The fund’s returns over the past decade have averaged 5.0% per year – a much better performance than its benchmark index (the FTSE World Government Bond Index), which returned only 2.2% a year. Three- and five-year annual returns were 2.0% and 0.7%, respectively, and also exceed those of its benchmark index.
Market value: $1.9 billion
Distribution rate: 8.4%
Expense ratio: 2.17%
Infrastructure stocks have replaced utilities as a “widows-and-orphans” investment that provides income, inflation protection and a counter-balance to other more volatile assets. Cohen & Steers Infrastructure Fund (UTF, $22.08) is a closed-end fund that invests in the stock and bonds of companies worldwide that own various types of infrastructure, such as gas pipelines, cell towers, toll roads and marine ports.
The fund invests in 181 different securities. At present, the allocation of UTF’s portfolio is 48% U.S. stocks, 35% foreign stocks, 5% bonds and 10% other types of investments. Top fund holdings included utility NextEra Energy (NEE), telecommunications REIT Crown Castle International (CCI) and railroad operator Union Pacific (UNP).
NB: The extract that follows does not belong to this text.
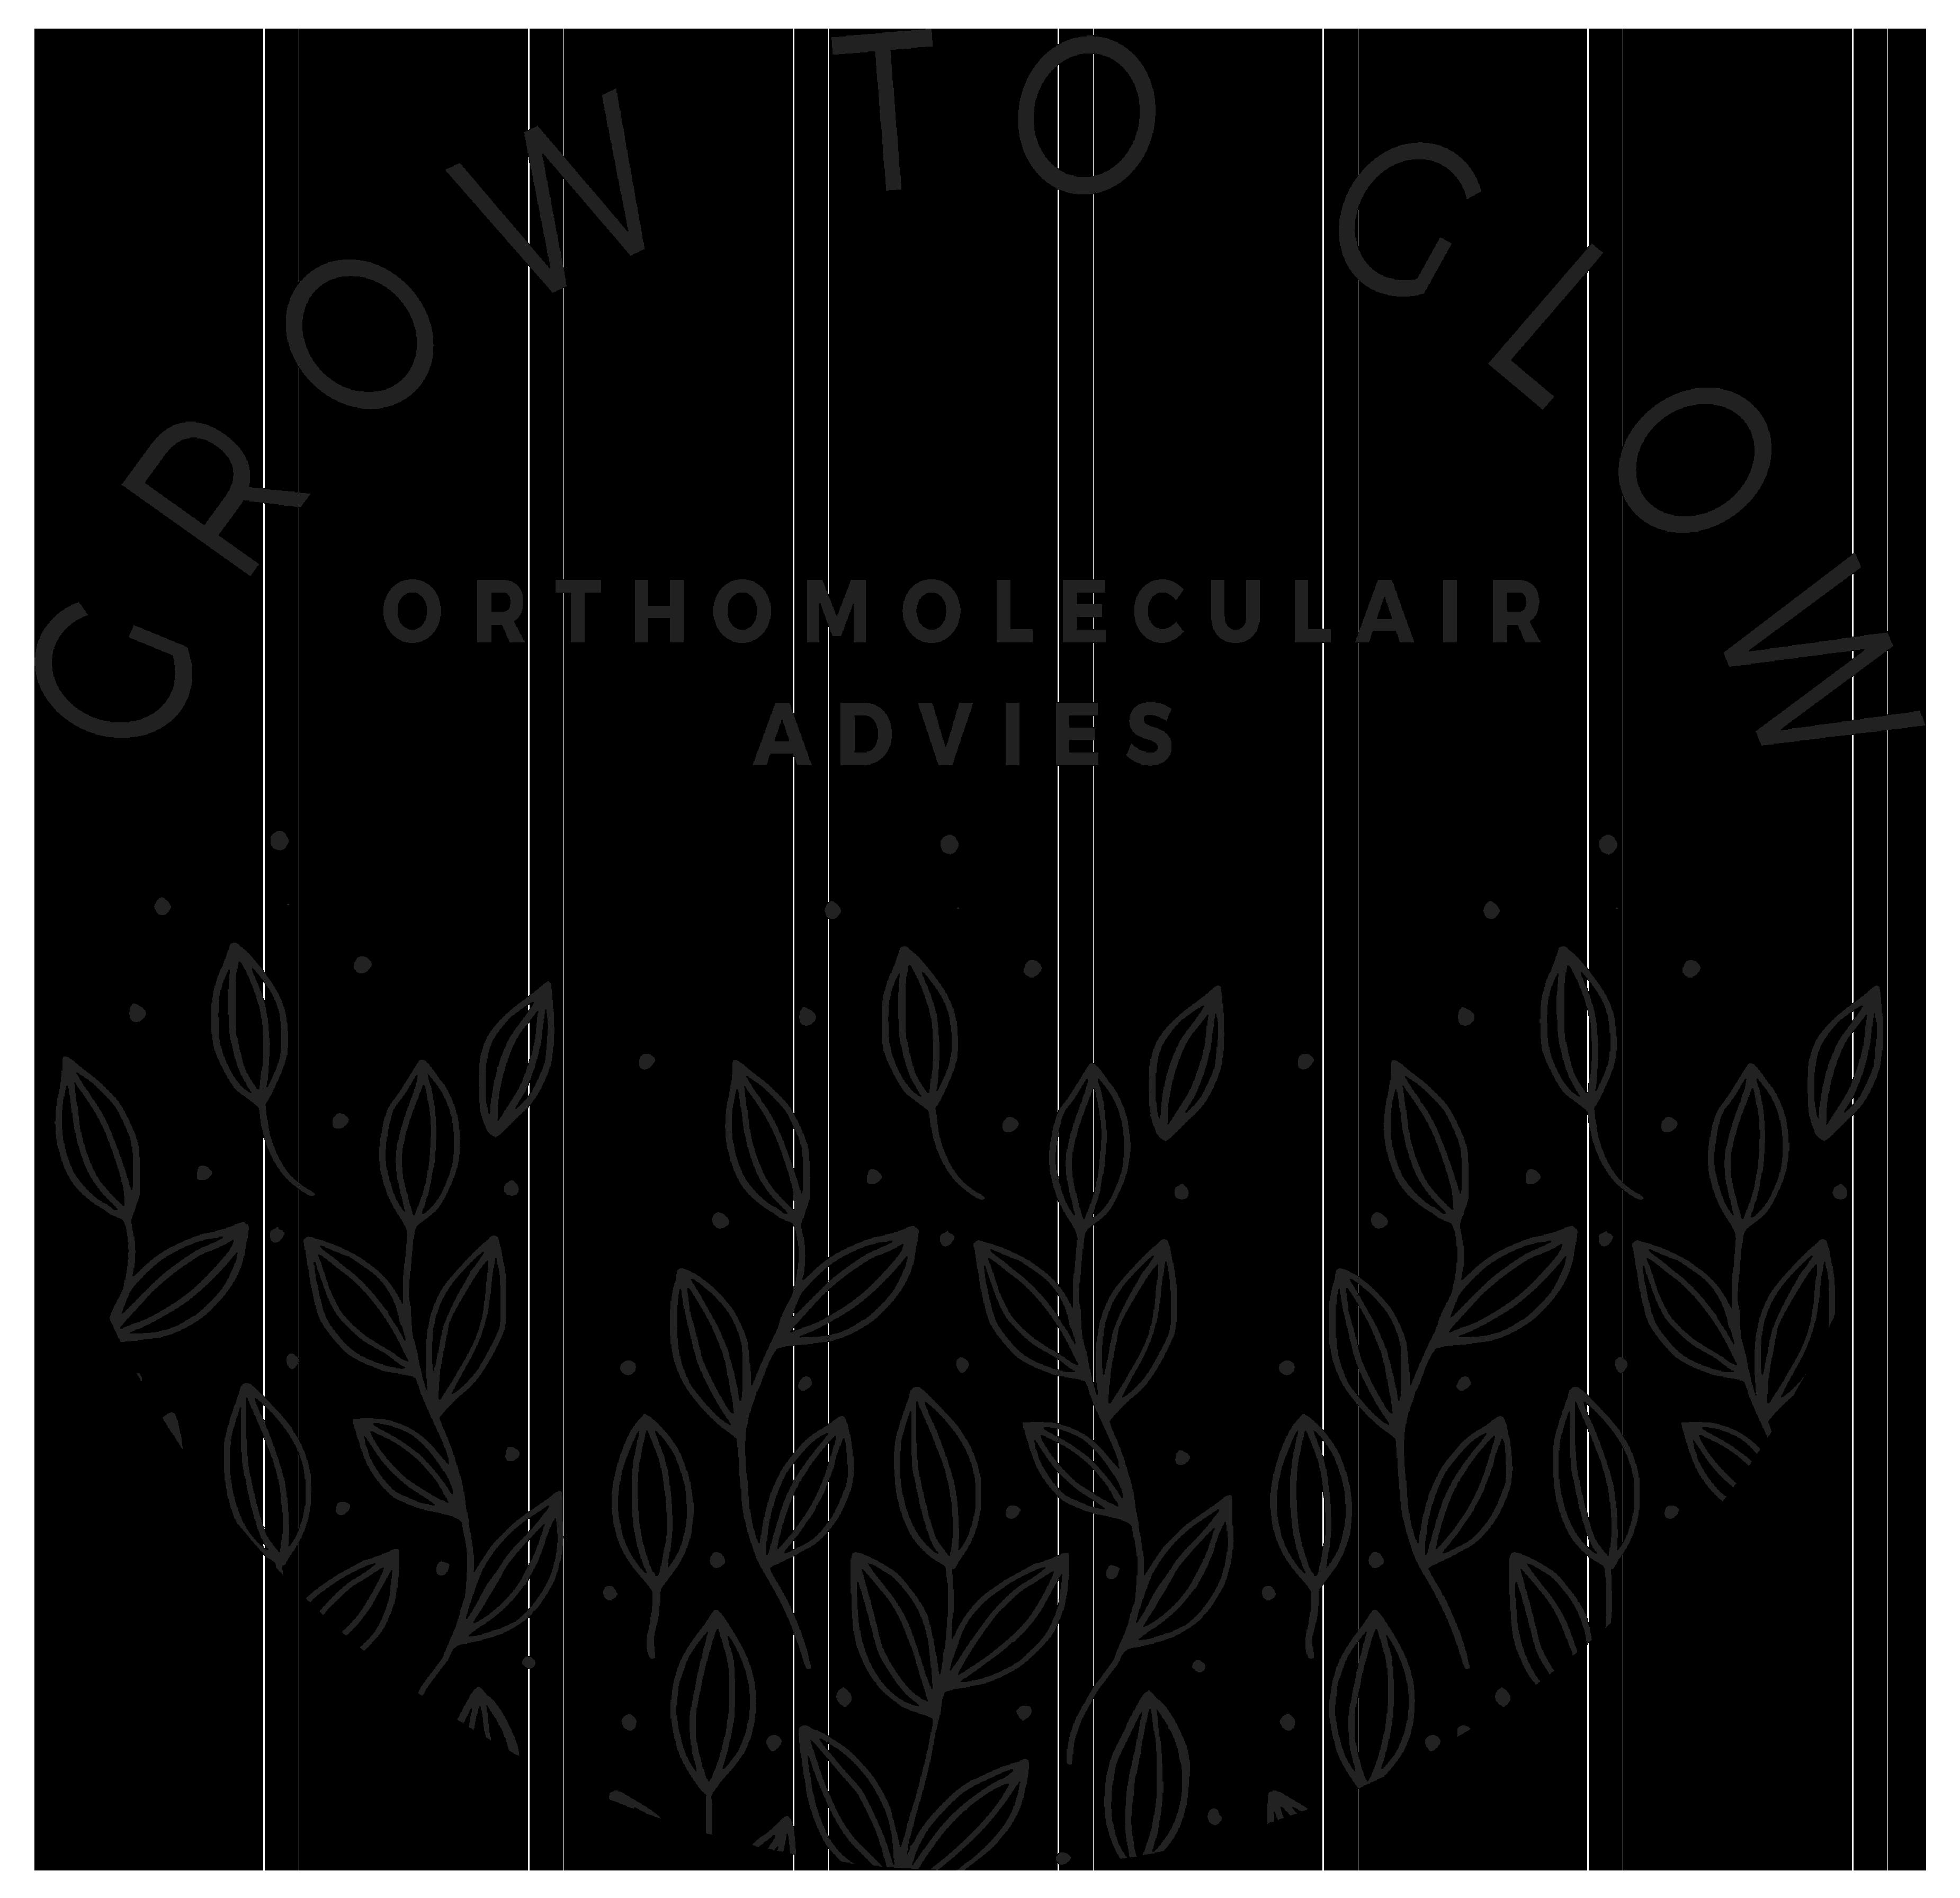 Orthomoleculair therapeut | Katwijk, Rijnsburg, Noordwijk

UTF launched in March 2004 and has generated three- and five-year annual returns of 15.5% and 11.5%, respectively – both better than benchmark infrastructure index. The fund also pays monthly distributions. However, this CEF’s expense ratio is somewhat rich at 2.17%.
*Distribution rate can be a combination of dividends, interest income, realized capital gains and return of capital, and is an annualized reflection of the most recent payout. Distribution rate is a standard measure for CEFs.
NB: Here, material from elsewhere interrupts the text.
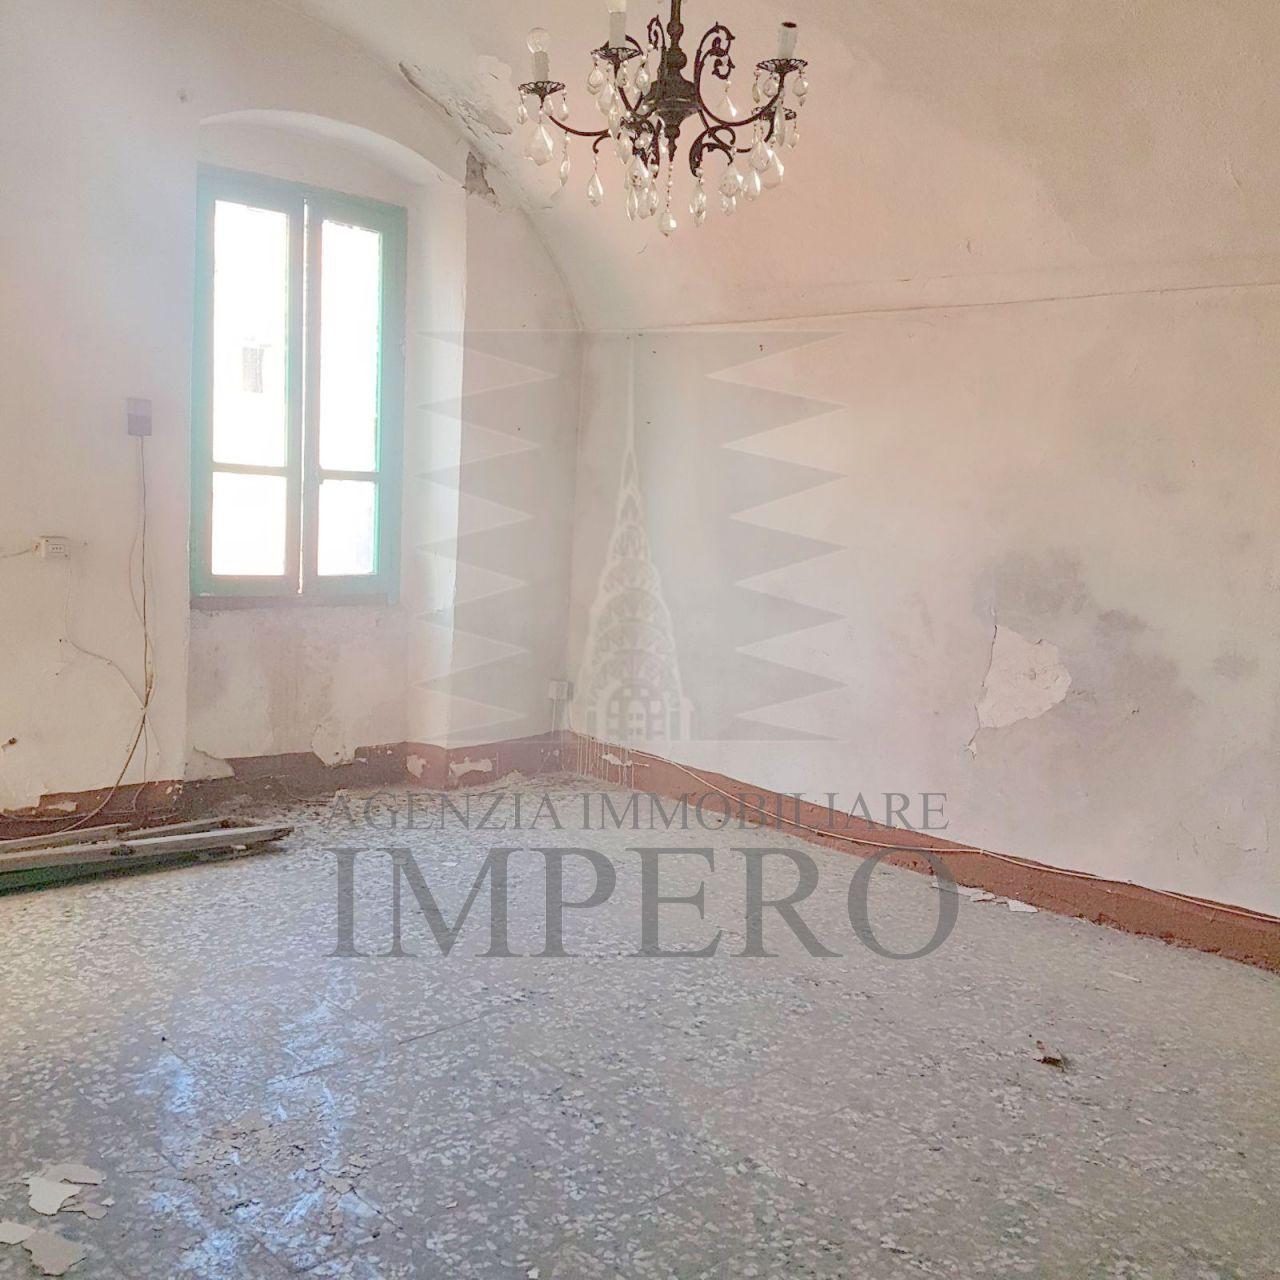 Appartamento in vendita a Camporosso, 4 locali, prezzo € 42.000 | PortaleAgenzieImmobiliari.it

Market value: $249.6 million
Expense ratio: 2.50%
Another high-yielding global infrastructure fund is Macquarie Global Infrastructure Total Return Fund (MGU, $20.02). Although this fund manager is not especially well-known in the U.S., Australia-based Macquarie is among the top 50 asset managers globally, with more than $368 billion in assets under management.
MGU’s portfolio focuses heavily on investments in pipelines (31%), electric utilities (17%), toll roads (11%) and air ports (10%). The fund’s top holdings include energy companies such as Enbridge (ENB), Cheniere Energy (LNG) and TransCanada (TRP). Roughly 46% of the portfolio allocation is North American assets, but the fund also makes sizable investments in Australia, Italy, the U.K., Spain and Mexico.
This closed-end fund launched in August 2005 and has generated yearly returns averaging 11.9% over the past 10 years, though a more modest 4% annually over the past five years.